Water officials liked chloramines for water disinfection because they were found to not have the same carcinogenic byproducts as chlorine. And, as some critics have noted, chloramines were a fairly cost-effective way for water districts to comply with stiffening EPA regulations.

But as the NPR story goes on to say, chloramines have their own problems, and they may be worse than chlorine's woes.

David Sedlak, civil and envrionmental engineer from the University of California at Berkeley, says that while chlorine doesn't produce the carcinogenic byproducts of chlorine, it produces its own, called nitrosamines.
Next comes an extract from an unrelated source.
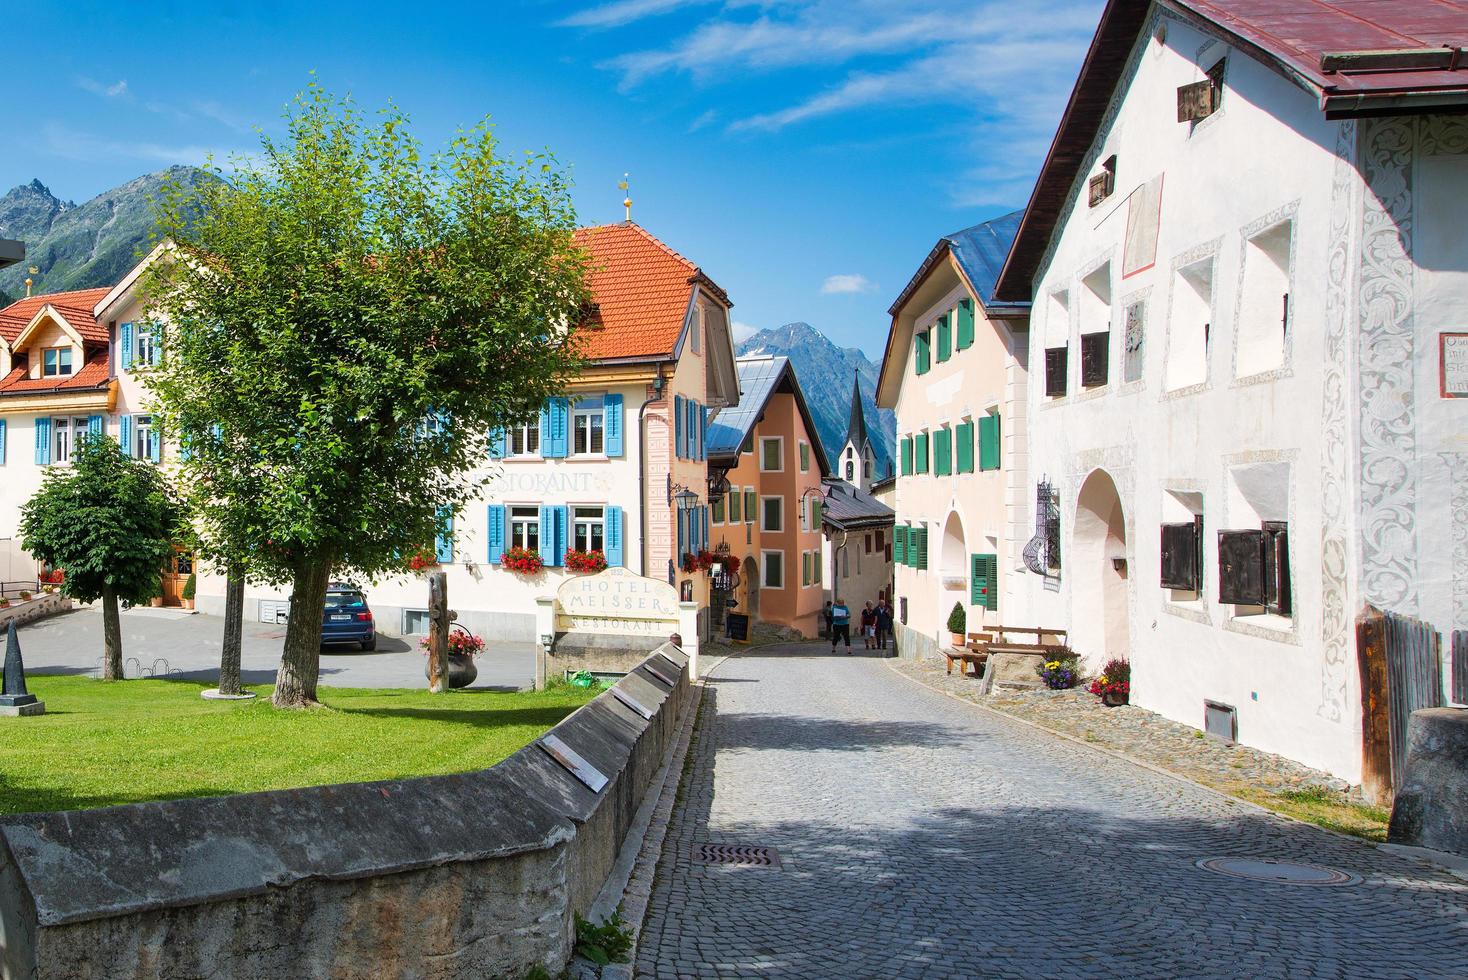 petite rue de maisons dans le village alpin suisse photo

"Nitrosamines are the compounds that people warned you about when they told you you shouldn't be eating those nitrite-cured hot dogs," Sedlak said to NPR. "They're about a thousand times more carcinogenic than the disinfection byproducts that we'd been worried about with regular old chlorine."
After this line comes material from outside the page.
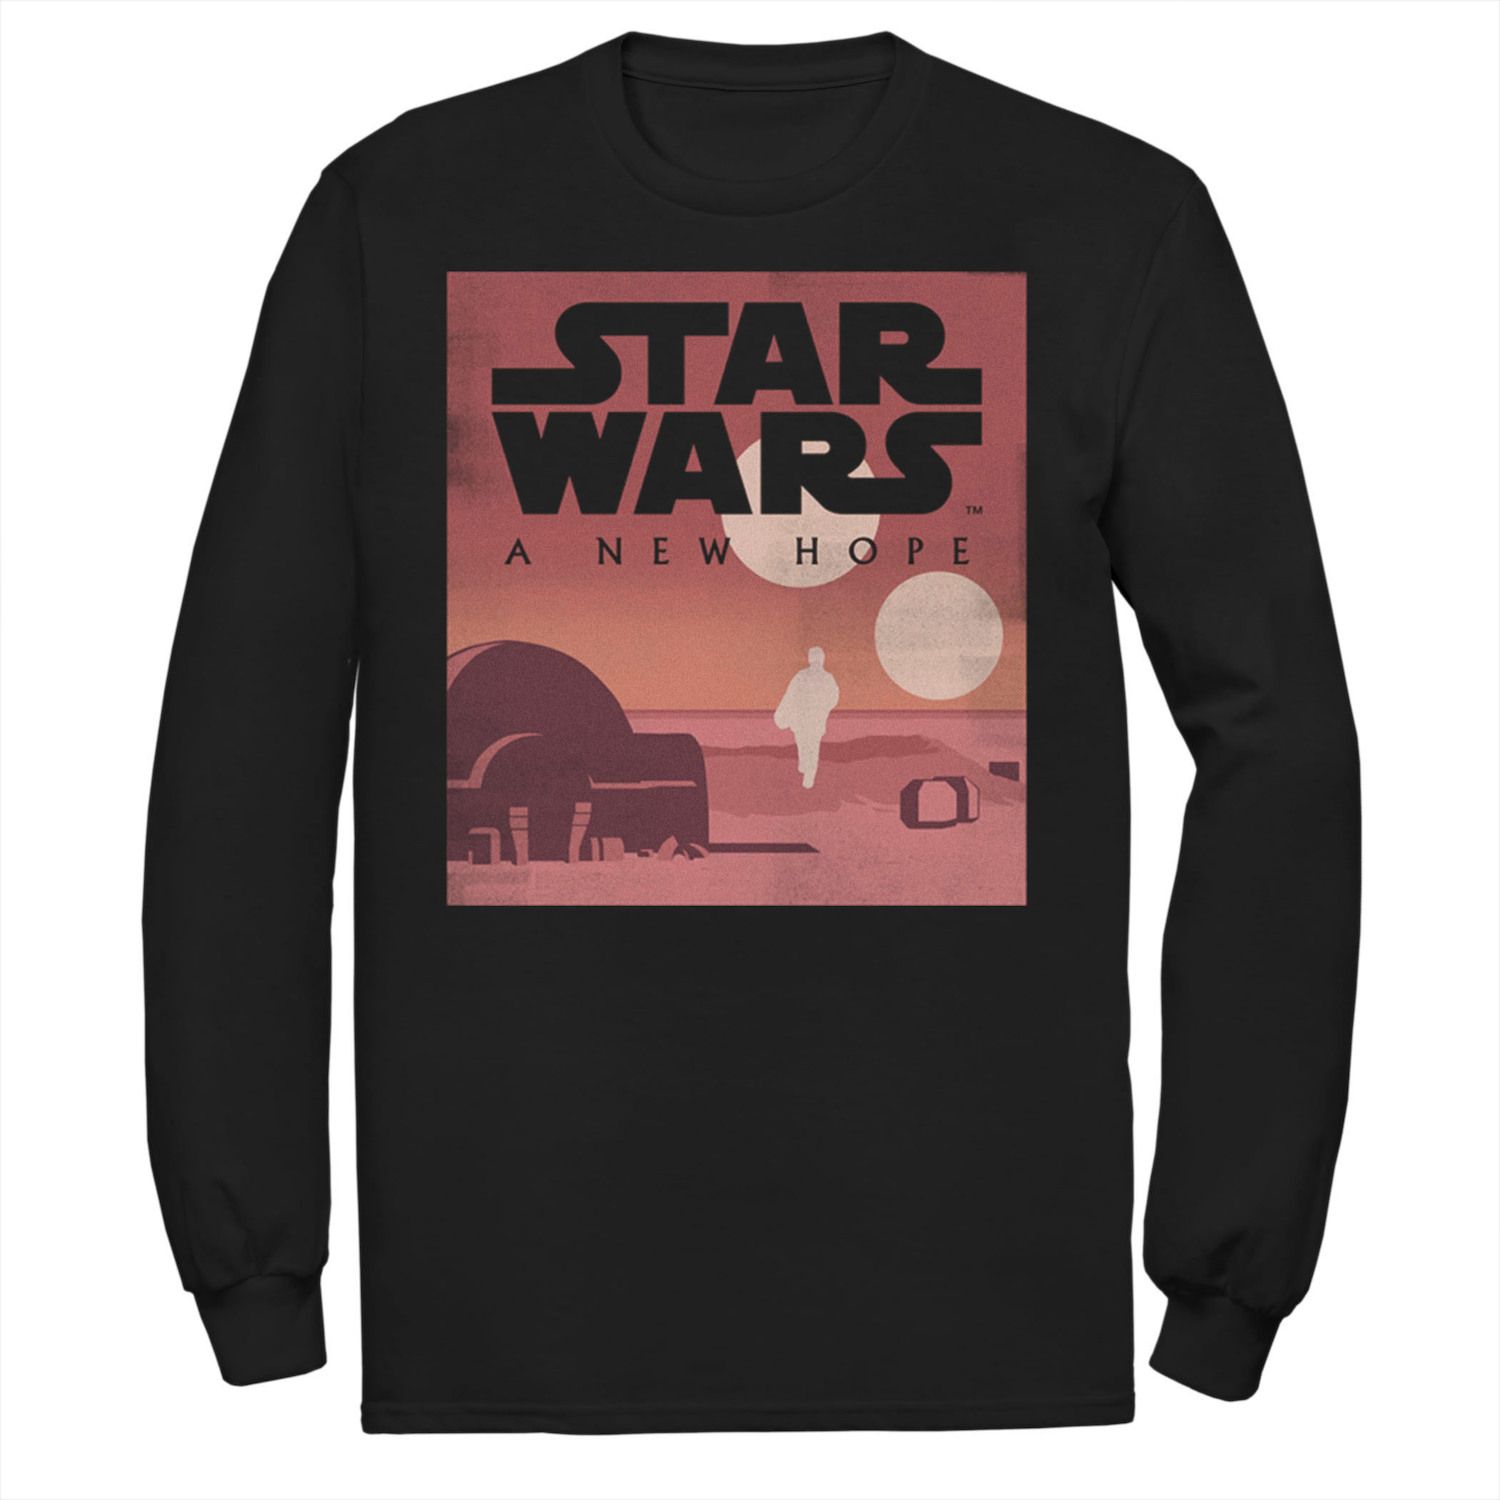 

Мужская минималистичная футболка Star Wars New Hope

In addition, the NPR article describes the experience of the District of Columbia in going to chloramine disinfecting - the region discovered a vast increase in tap water's lead content, thought to come with chloramines' reactions to the district's many lead pipes.

Most people don't want to know much more about their tap water than that it tastes okay and is safe, free of dangerous contaminants such as cryptosporidium and e-coli. But it turns out that our reliance on chemicals to do that job and our lack as a society of a precautionary principle leaves us open to lots of negative unintended consequences when it comes to keeping drinking water clean.

Sedlak published some of his findings on chlorine and chloramines in this week's Science.